OV encompasses a range of actions, including physical, psychological, and emotional violence. It includes not allowing a woman to choose her birthing positions, companions, or interventions, epistemic gaslighting (reminiscent of Naomi Wolf’s “crazy-making experiences”), shaming a woman into complying with procedures (or “you are a bad mother that endangers her baby”), fear-based health campaigns not based on scientific evidence, and practices that add health risks for birthing women and babies. In this blog post, I will argue that one instance of obstetric violence is the routine use of the electronic fetal monitor (EFM) for continuous auscultation (listening to a baby’s heartbeat) in low-risk births, since its use as the Standard of Care (SOC) actually harms patients. In the U.S., SOC is a legal term that refers to treatment that is accepted and widely used by a reasonable (“minimally competent”) professional. While it is reasonable to think that SOC practices benefit patients, this is not the case with the EFM.
The case of the EFM is an interesting story, and how it got into the labor room is baffling. But before I tell this story, a caveat: I have taught birthing ethics for over a decade, and writing about this topic is challenging.
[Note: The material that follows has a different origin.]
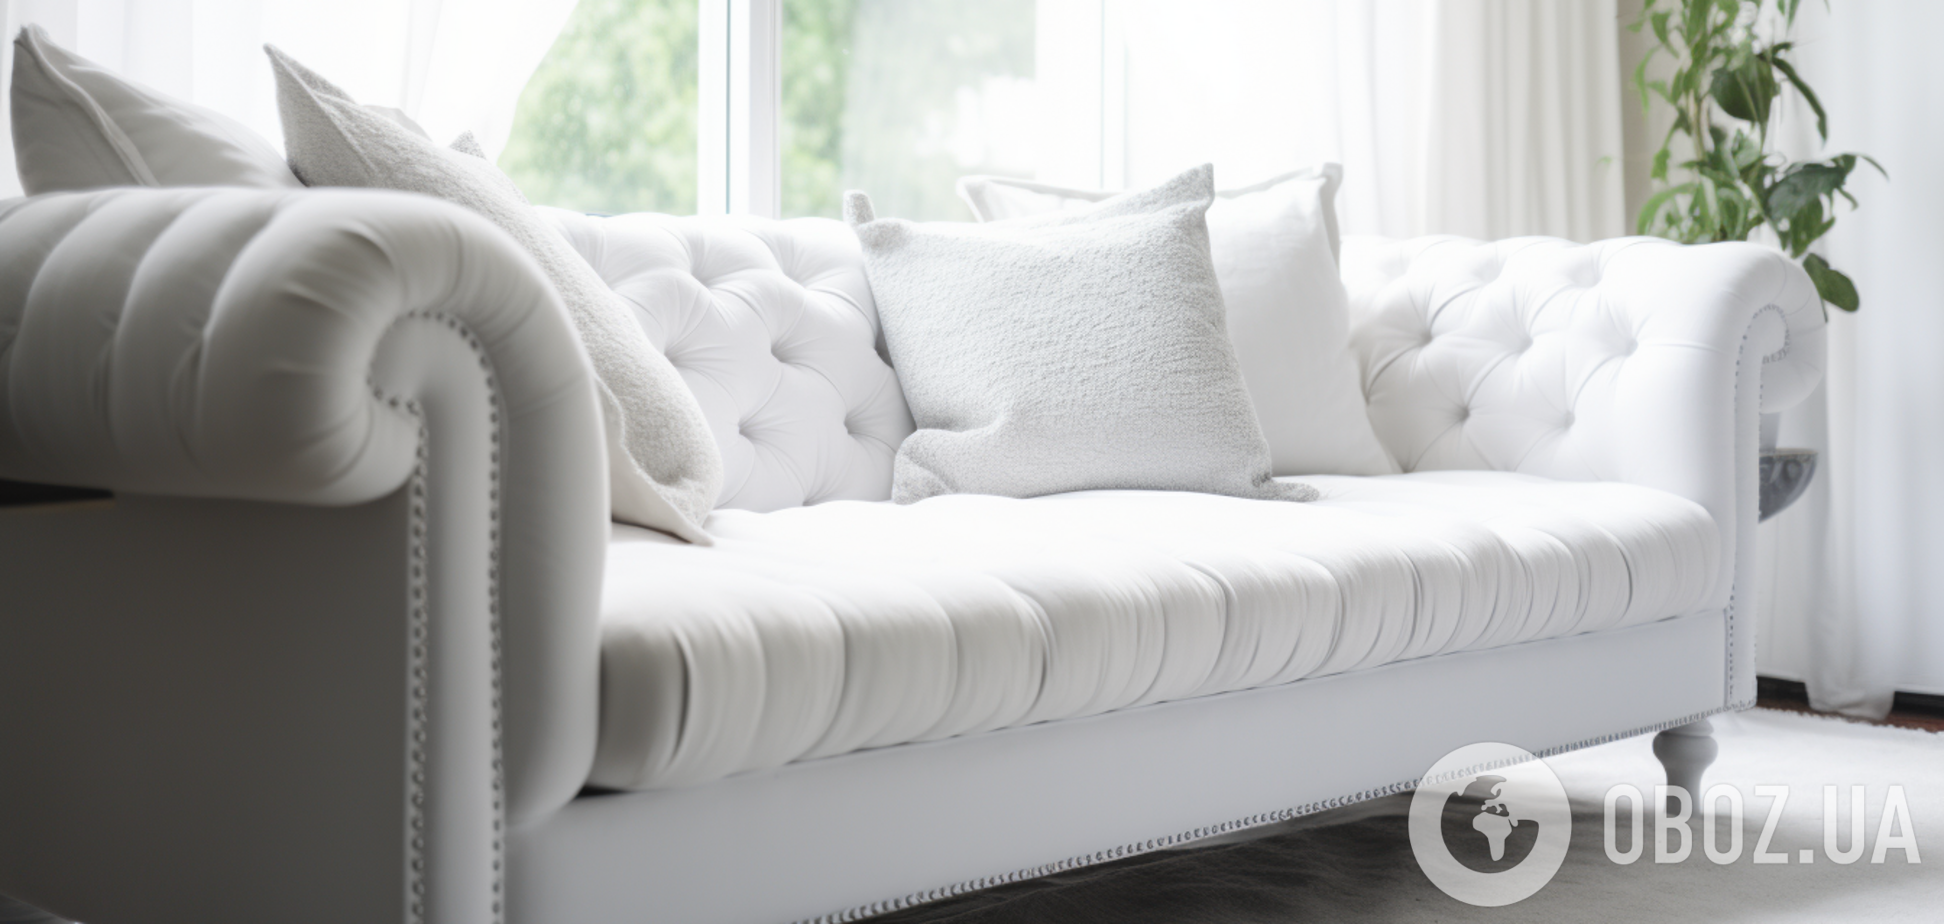 Завдання з зірочкою: як почистити білий диван до стану нового

There is an ocean of misinformation about birth. Birth is personal. Specialists on birthing ethics will note that I am not saying anything new about the EFM. Indeed, the story I tell is old news even in the popular press. And yet, scholars who know less about it, and obstetrical residents, claim that I could not possibly be right. French psychoanalyst Clotaire Rapaille argues the symbol for ‘doctor’ in the U.S. is ‘hero’ – thus, reading criticisms of routine practices of the ‘baby heroes’ might be difficult. But as a philosopher, I follow Socrates’ example of engaging in critical thinking about the status quo and the ‘common sense’ of our times. To understand the story of the EFM, we must question our present-day view of ‘technology as progress’ and the medicalization of life as we know it, as well as the connections between the medical profession, the private market, and the law.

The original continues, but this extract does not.